Setelah sampai di gunung, maka harus mulai mencari dengan menggunakan linggis. Tetapi kalau lokasi pencariannya di laut maka perahu dilabuhkan di atas kulit air lalu harus terjun ke dalam air dengan menggunakan kaca molo (kaca selam). Agar dapat sampai ke dasar laut dan bisa menemukan kulit bia tersebut.  

Dilapisi Daun Sagu
Dari lokasi tersebut, maka kulit bia dibawah sampai di rumah lalu dijemur selama sekitar 3 hingga 4 hari dengan menggunakan alas seng sampai kering. “Kulit bia yang biasa dicari untuk dibakar menjadi kapur pinang itu biasanya disebut kulit bia bunga,” tutur Silayanti.
Tahap berikutnya untuk memproses kulit bia menjadi kapur pinang adalah mencari  daun sagu kering di hutan untuk membakar kulit bia. Daun sagu yang dicari itu tidak ada di sekitar  rumah karena hutan sagu cukup jauh dari lokasi mereka tinggal. Ketika daun sagu itu sudah diambil sampai di rumah atau tempat dimana kulit bia itu hendak dibakar tahap selanjutnya adalah daun sagu tersebut disiapkan untuk dibakar dilapisi dengan kulit bia.  
Daun sagu tersebut diikat berlapis dengan kulit bia yang hendak dibakar. Kulit bia yang hendak dibakar ini jelas sudah terikat dan tergabung daun sagu.
Tali yang dipakai untuk mengikat daun sagu itu adalah tali yang besar biasanya dibilang tali bagang atau kawat. Tapi sering dipakai untuk mengikat daun sagu itu adalah kawat. Karena kalau menggunakan tali saat api itu dibakar, maka talinya cepat putus, namun kalau kawat saat daun sagu itu terbakar pun tidak putus tetap bertahan sampai daun sagu tersebut selesai terbakar.
Silayanti menambahkan, setelah
“Jadi sebelum tong bakar itu sudah alas seng dibawah,” ungkapnya  sambil melanjutkan penjelasannya mengenai  mengenai cara membakar kulit bia menjadi kapur pinang. Ia mengatakan bahwa seng yang ditaruh dibawah itu kosong tidak ada apa-apa.

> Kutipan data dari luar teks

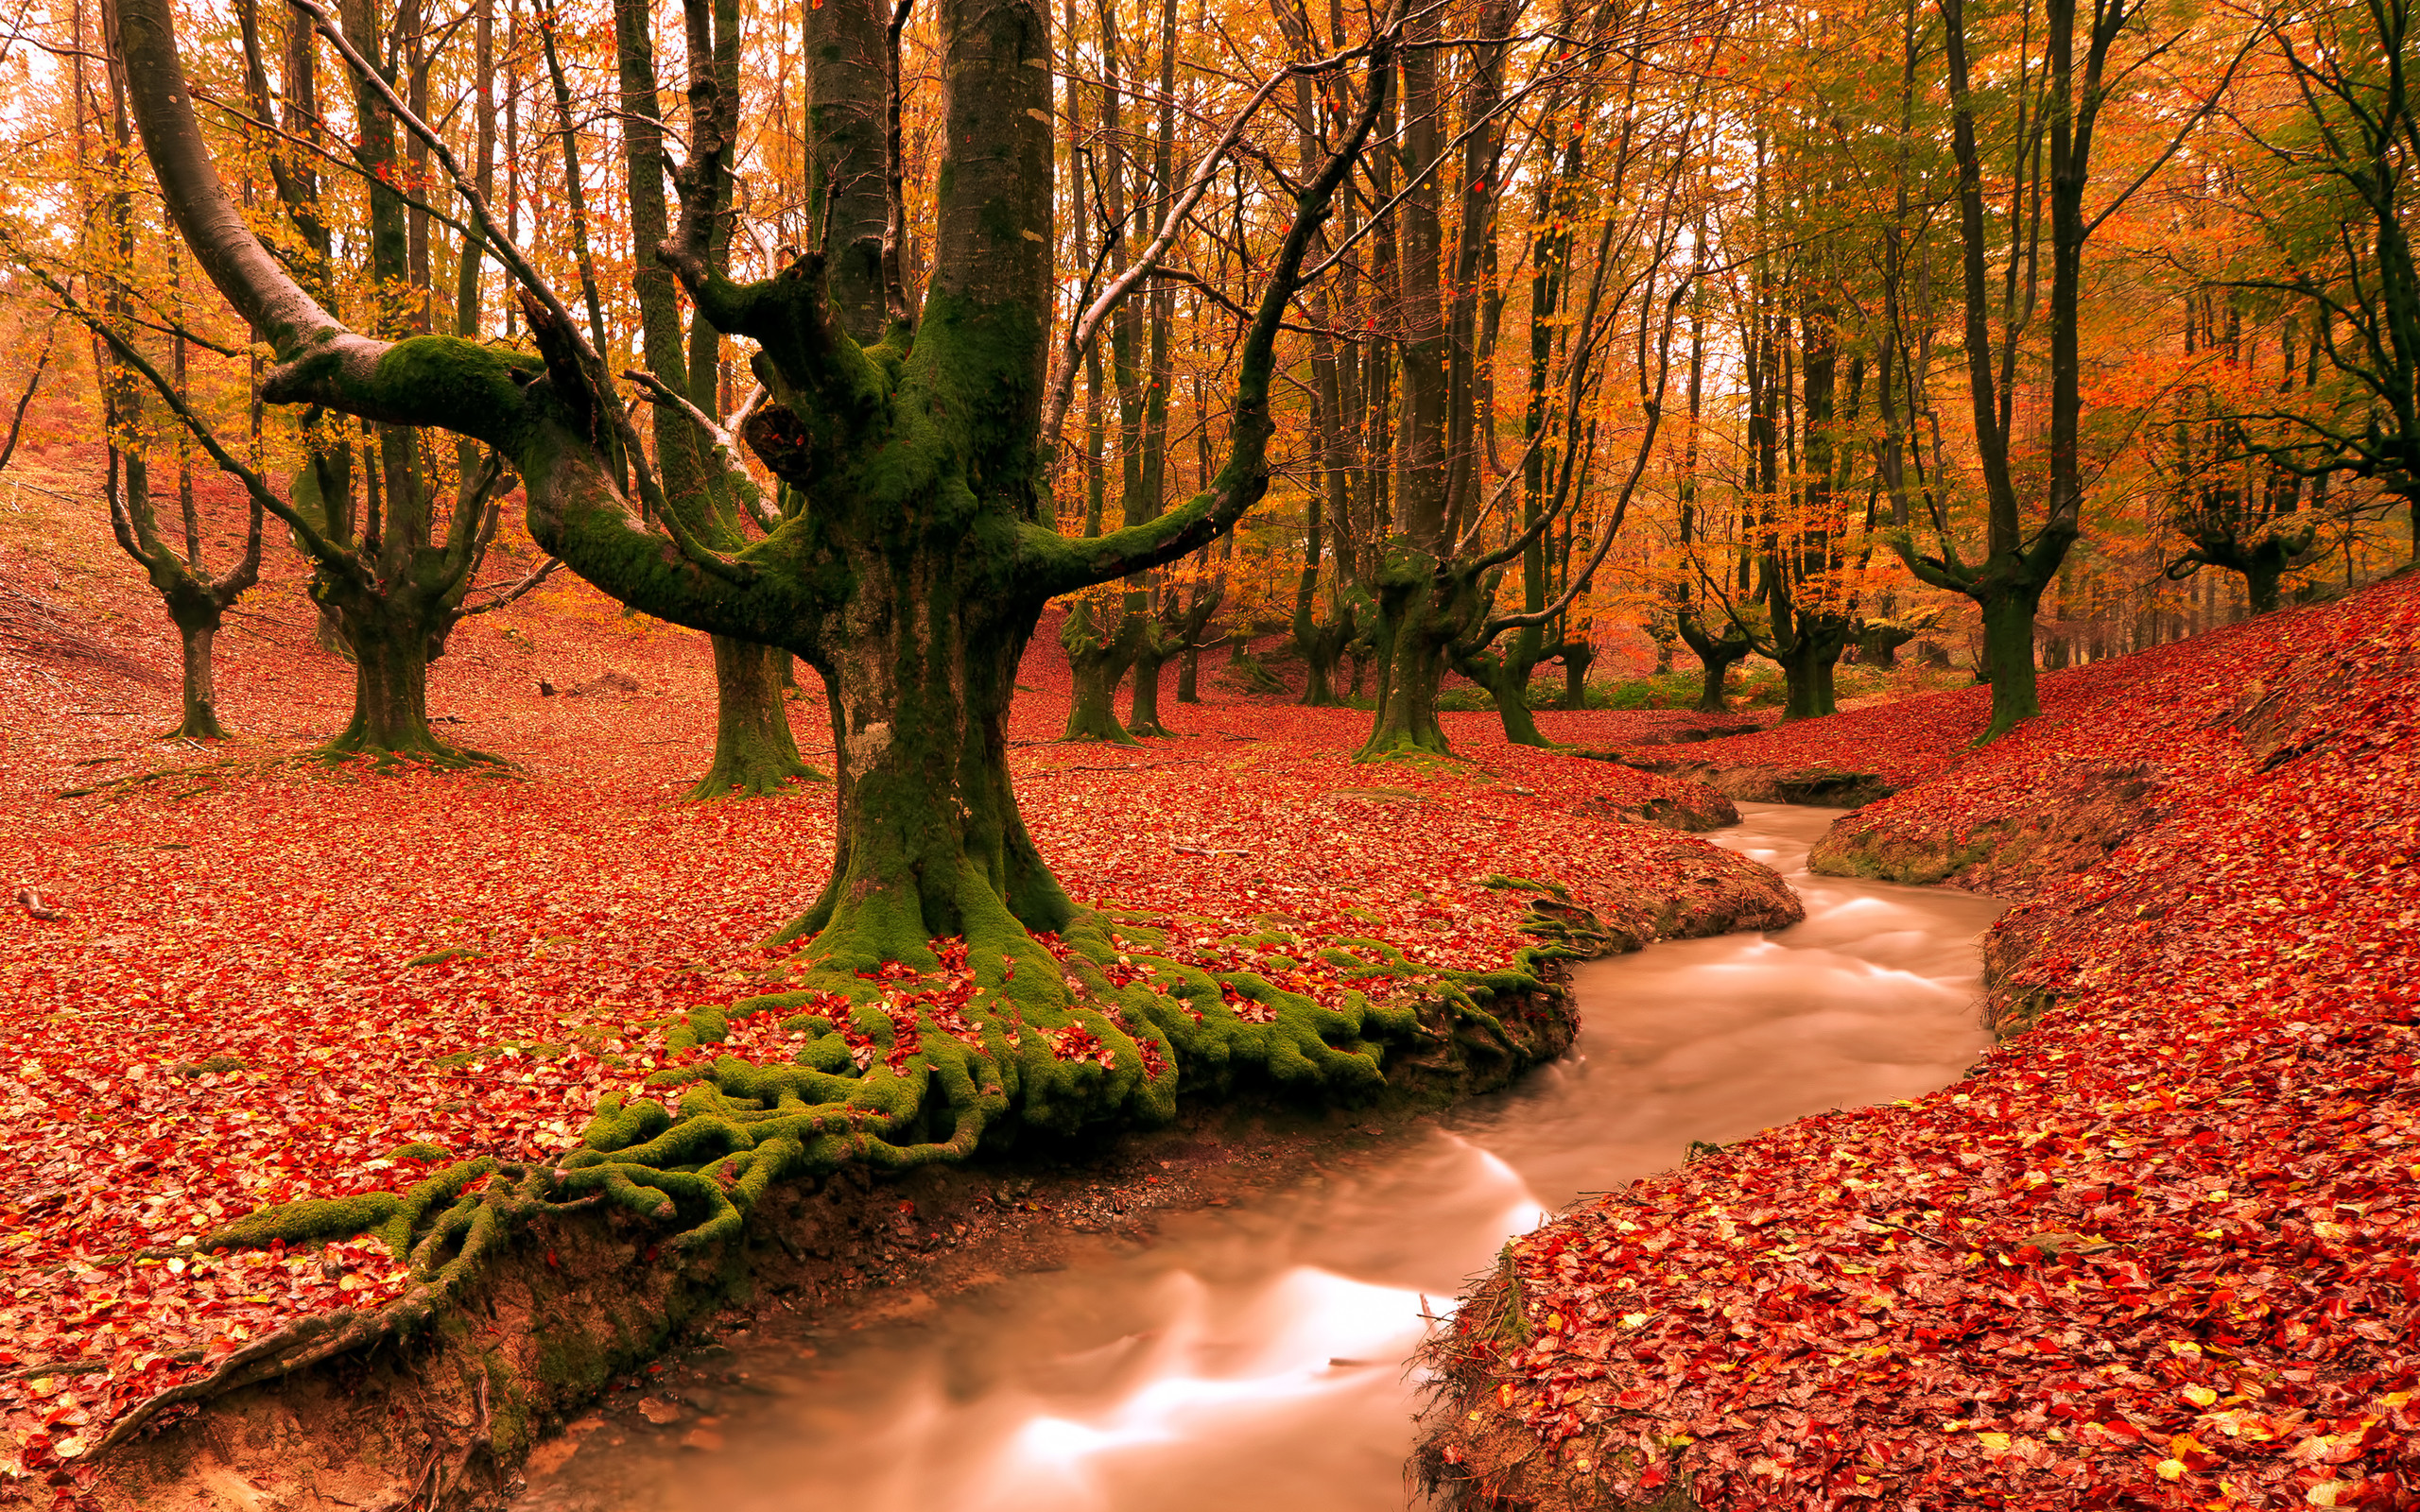 Autumn Pictures for Desktop Backgrounds ·① WallpaperTag

 Setelah daun sagu dan kulit bia diikat disertai dengan seng yang sudah dialas dan besi linggis yang ditanam maka daun sagu sudah siap untuk dibakar. Waktu yang dibutuhkan untuk membakar kapur ini kurang lebih satu jam. Sehingga kulit bia yang dibakar dipastikan sudah bisa terbakar dan jatuh ke tengah seng yang sudah dialas. Walaupun kuit bia itu dibakar tetapi kulit bia tersebut tidak langsung hancur tetapi hanya berbentuk seperti sebelumnya. Sebenarnya kulit bia itu dibakar supaya mudah ditumbuk atau mudah dihancurkan.  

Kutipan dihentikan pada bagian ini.